CHICAGO — Eric D. Seals’ search for a permanent home for his video production agency, Digital Cafe, has led him to consider spaces on the city’s South and West sides.
Currently housed in a temporary work space in Streeterville, Seals wants to find a new home for his agency — a spot where his team can plan, film and edit — in the next 12 months, he said. Digital Cafe produces documentaries, videos for corporations, motion graphics, original content and more.
Seals, a Wheaton native, said he’s considering moving his shop to neighborhoods that include Bronzeville, the South Loop, Woodlawn and the West Loop.
Seals’ journey to launch his own company was years in the making. Following his 2008 graduation from Murray State University with a degree in radio/television and minor in business administration, he was hired at his dream company, ESPN, where he worked as a video editor for shows like Sportscenter, PTI and Mike & Mike.
But it was his burgeoning entrepreneurial spirit that ultimately led him to leave ESPN after a few years.
“I personally did not do well knowing how much money I would make by the end of the year,” Seals said. “I felt like if I worked hard I should make more and if I didn’t I should make less.”
Seals decided to move back to Chicagoland from Bristol, Conn., where ESPN is headquartered. He hit the ground running producing freelance video projects, filming birthday parties, weddings and corporate events.
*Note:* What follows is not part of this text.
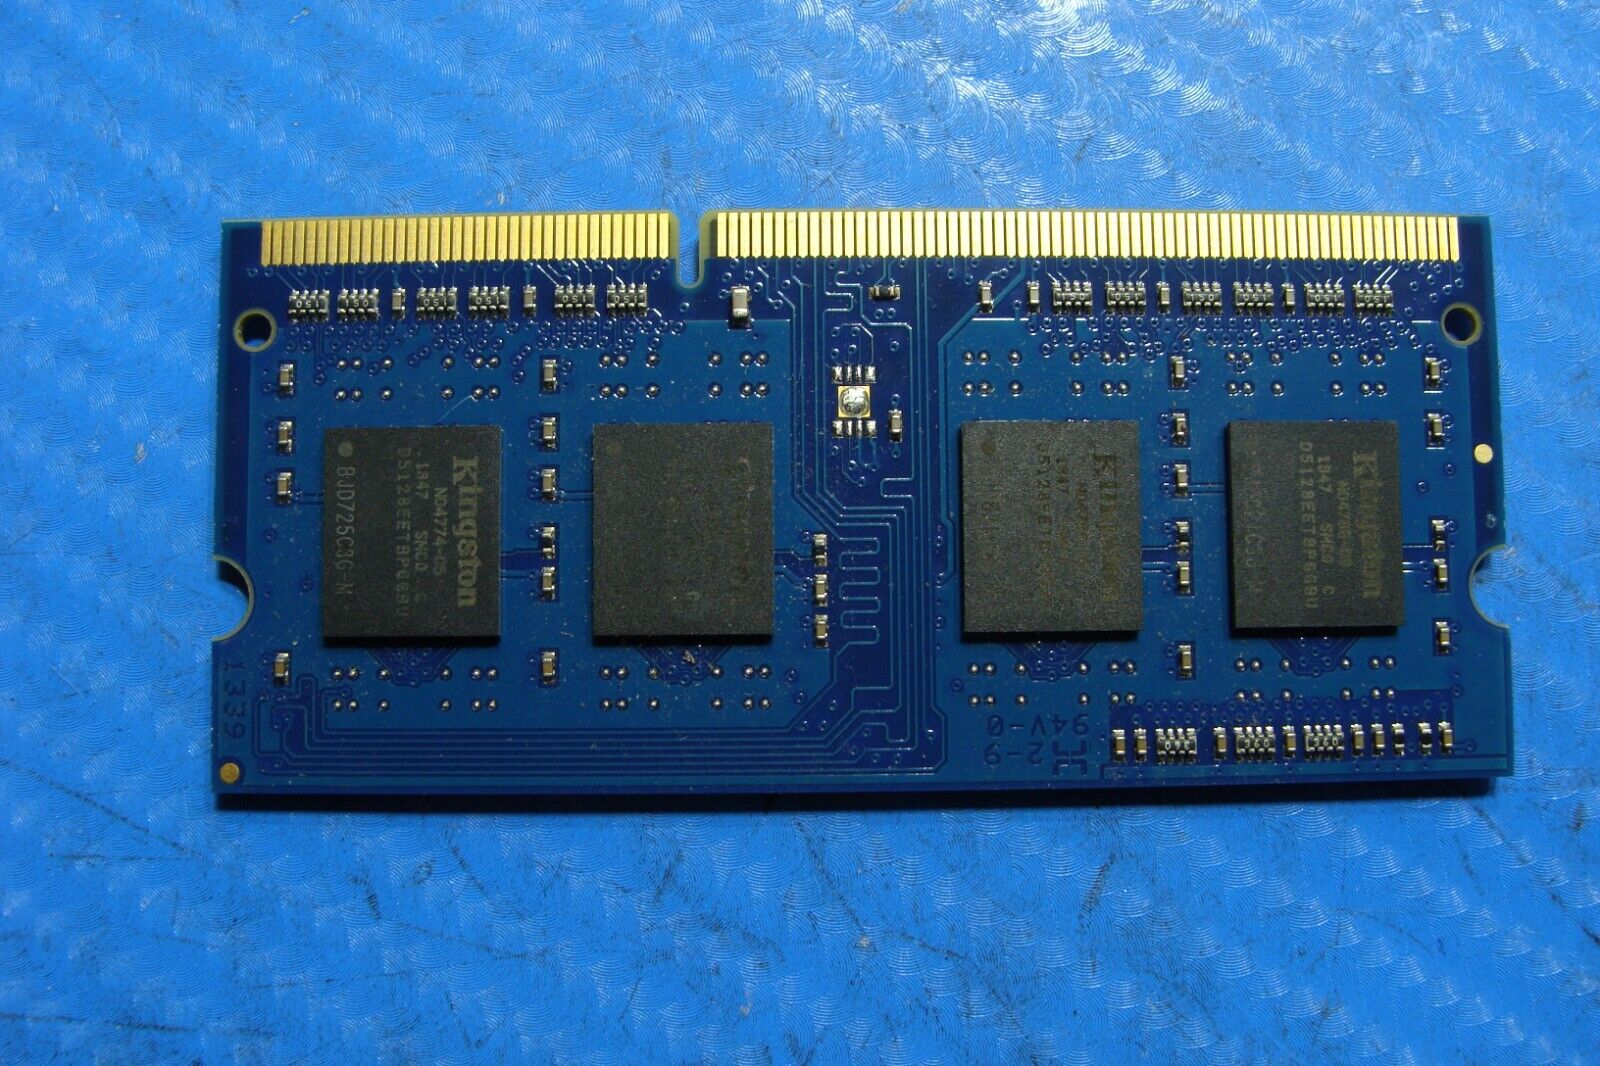 Dell 15 3521 Kingston 4Gb pc3l-12800s Memory Ram SODIMM KNWMX1-ETB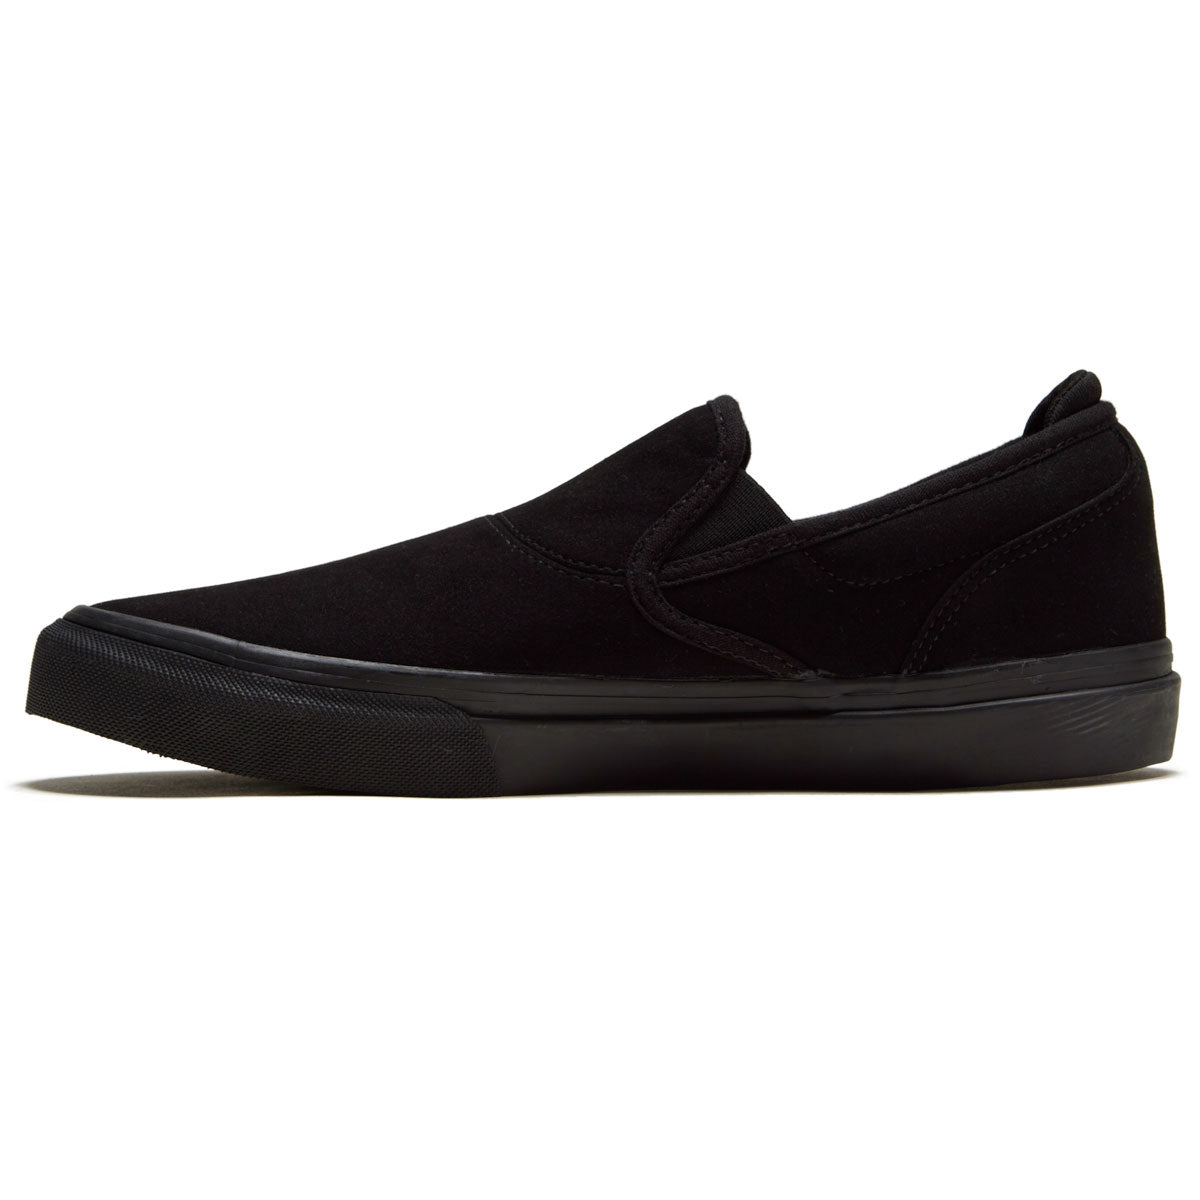 Emerica Wino G6 Slip-on Shoes - Black image 2

After working with several production companies, Seals noticed that few black and brown people were working in the industry — and he wanted to change that. In one particularly jarring incident, Seals said he was told he was hired by one company so owners could receive a tax writeoff by meeting a diversity quota.
“I wasn’t surprised; that’s probably not the first time it happened. It was just the first time someone told me that’s why I was there,” Seals said. “ At that point I decided I wanted to create a video production company that looked like myself with black and brown faces.”
Since launching Digital Cafe in December 2012, Seals said he’s encountered many hurdles. But as he grew his team, his personal workload has decreased significantly. In recent years, the company has work on content for ComEd, Sears Kenmore and Chicago Neighborhood Initiatives Micro Finances Group, among others.
Seals said he doesn’t want Digital Cafe to be known only because it is a black-owned video production company. He wants people to know the agency because of the high-quality work it produces.
“Sometimes vendors don’t want to hire us because they only think that we work on content for black people,” he said. “We do a lot of general market stuff. We do stuff for all types of people. I love working on black content, it’s great, but that’s not the only thing that we do.”
Through Digital Cafe, Seals hopes to fill a void among storytellers and professionals working behind the camera.
“I think it’s so important to not only have a black production company but a production company where people have different backgrounds, from LGBTQ [storytellers], to [those with] an international background,” he said. “Because when you’re telling stories, it’s so important to get the authenticity about what they are talking about.”